Розанов попенял Костомарову и прочим летописцам: "История России" — это вовсе не Карамзин, а история водки и недопетой
Не забыть фантасмагорической картины первых перестроечных лет. В очереди к колодцу со святой водой в Троице-Сергиевой лавре богомольные старушки в косынках сжимают в руках разноцветные бутылки из-под джина, виски, вермута — в те времена единственная подходящая в стране посуда с надежной пробкой на винте. Как прихотливо воплотилась евангельская метафора о новом вине в старых мехах!
Недалеко уйдя от этих бабушек, Евтушенко писал в 60-е о французских буржуа: "Приятно, выпив джина с джусом / и предвкушая крепкий сон..." Мало того что джин мешают с тоником, а не с соком, его не пьют на ночь, это аперитив, и уж точно так не станут поступать французы. Какая разница: главное — нарядно.
Красивой экзотикой были — за неимением далекого неведомого джуса — и прибалтийские изделия. Рижский черный бальзам считался отличным подарком в Москве или Питере, а керамические бутылки из-под него не приходило в голову выбрасывать: получались цветочные вазочки. Мы же в Ригу везли из Эстонии парный ликер - женский "Агнесс" и мужской "Габриэль", приторный "Вана Таллин" в виде крепостной башни.
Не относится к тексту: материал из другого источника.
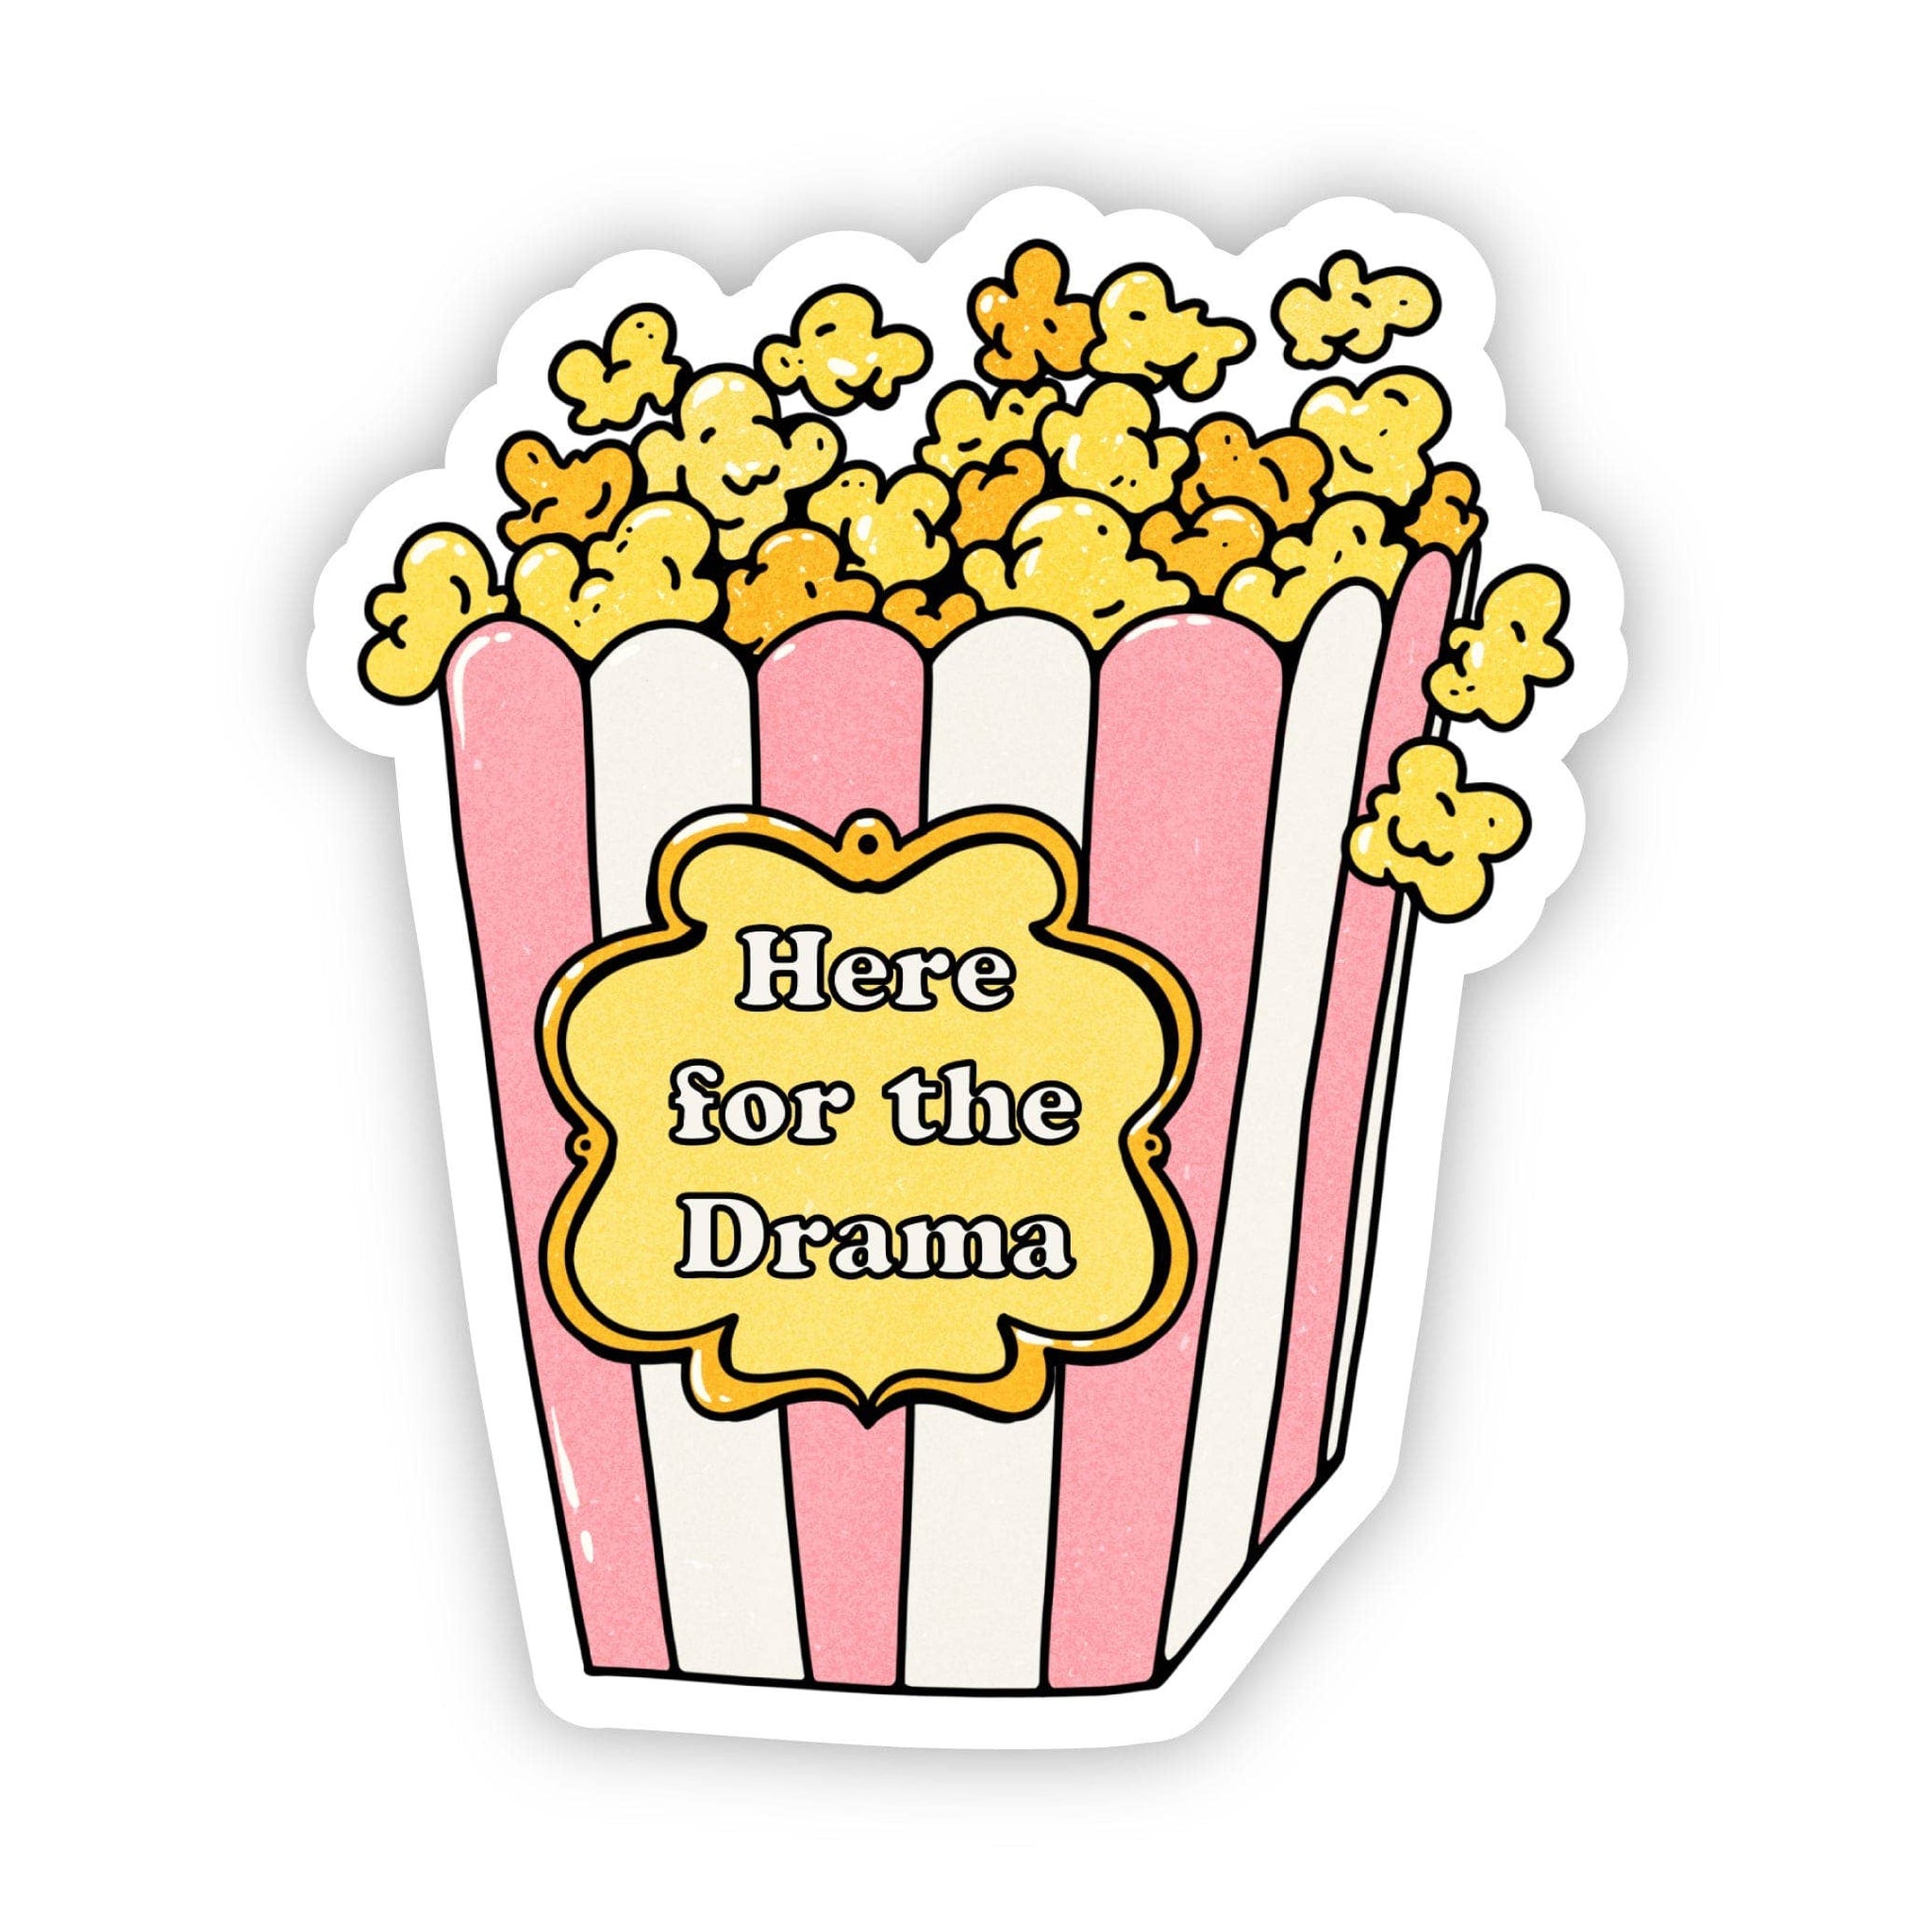 Big Moods - "Here for the drama" popcorn sticker

Из Литвы — водку с разнузданным именем "Dar pa vienu" ("Еще по одной") и натуральные фруктово-ягодные вина, о которых говорили, что английская королева заказывает их ящиками. Королева была алкоголичкой широкого диапазона: она выписывала и наш бальзам, и армянский коньяк, и массандровский портвейн, и московскую водку, разумеется, — расхлебывая всю советскую винно-водочную отрасль.
Соцлагерь поставлял румынский ром "Супериор", ром кубинский с высоким черным человеком в лодке, югославский виньяк, болгарскую "Мастику" вкуса и запаха мастики, польскую "Вудку выборову". В 71-м году в Нарве я впервые в жизни попробовал в местном баре джин-тоник, чувствуя себя персонажем американского кино. Джин был венгерский, тоник — эстонский: тооник. За неимением английских чемоданов обходились своими пословицами.
Когда появился алкоголь с настоящего Запада, отношение к нему прошло все положенные этапы, начиная с восторженной некритичности: здоровенные мужики под рыбца принимали "Амаретто". Потом увлеклись ритуальной стороной дела: поджиганием сахара для абсента, облизыванием лайма с солью под текилу, забрасыванием кофейных зерен в самбуку. Усложненность питьевого обряда для не пьющего запойно американца или европейца (пожалуй, только ирландцы и шотландцы робко приближаются к российскому уровню) восполняет содержание формой. Взять хоть десятки рюмок и бокалов для разных напитков в любом приличном баре: никто не ошибется, налив джин-тоник в сосуд для мартини. Не зря толстая книга-пособие называется "Библия бармена".
Русскому человеку ритуальные новшества потрафили уважительным отношением к выпивке, подтверждая краеугольную мысль: алкоголь — это идея.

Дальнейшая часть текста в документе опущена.